Я послушно сел рядом с каким-то нахохлившимся человеком, и, пока полностью не пришел в себя, все дальнейшее ложилось лишь поверхностным отпечатком на сознание, не проникая вглубь. По коридору проходили люди в стандартных серых плащах, в кухне щелкал замком своего саквояжика медэксперт, кто-то монотонно диктовал стенографисту-сержанту описание дома, шепотом переговаривались в гостиной понятые; как ни странно, впоследствии оказалось, что моя память зафиксировала все события, как магнитная пленка. Так бывает во время киносеанса, когда задумываешься и перестаешь воспринимать то, что показывает экран, но потом, спустя час или два, обнаруживаешь с удивлением, что мозг в соответствии с какими-то неведомыми законами вел запись — увиденное и услышанное вдруг оживает с поразительной четкостью; правда, все важные и незначительные детали оказываются сваленными в кладовую памяти без разбора.

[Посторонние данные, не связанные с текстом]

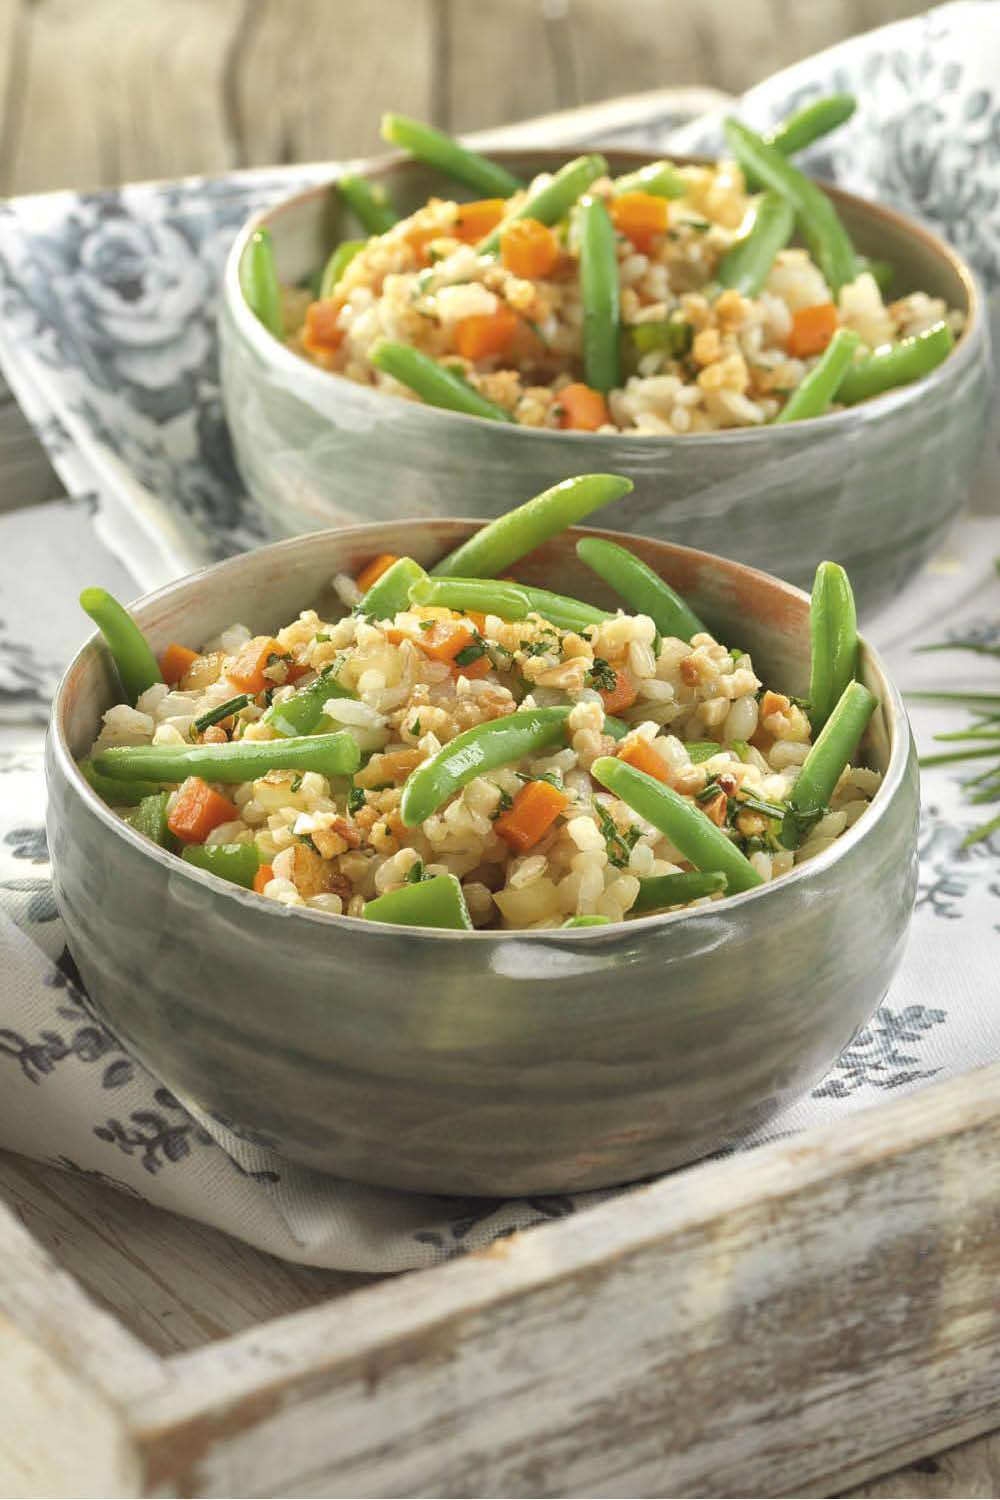 Comidas bajas en calorías: arroz integral con verduras de temporada.

Так, из сказанного доктором мне особенно запомнились три слова: «Типичная тканевая аноксемия». Кто-то спросил доктора о значении этих слов, и доктор ответил, что аноксемия, или удушье, в данном случае, несомненно, вызвана воздействием синильной кислоты — яда, который, будучи принят даже в небольшом количестве, вызывает почти мгновенную смерть.
— Аш-це-эн, бесцветная жидкость с легким запахом миндаля.
«Вот как! Та самая классическая синильная кислота, — подумал я. — Обязательная принадлежность детективных повестей и фильмов».
— В каких дозах она смертельна? — спросил кто-то.
— Шестьдесят миллиграммов. Думаю, он принял по меньшей мере десятикратную дозу.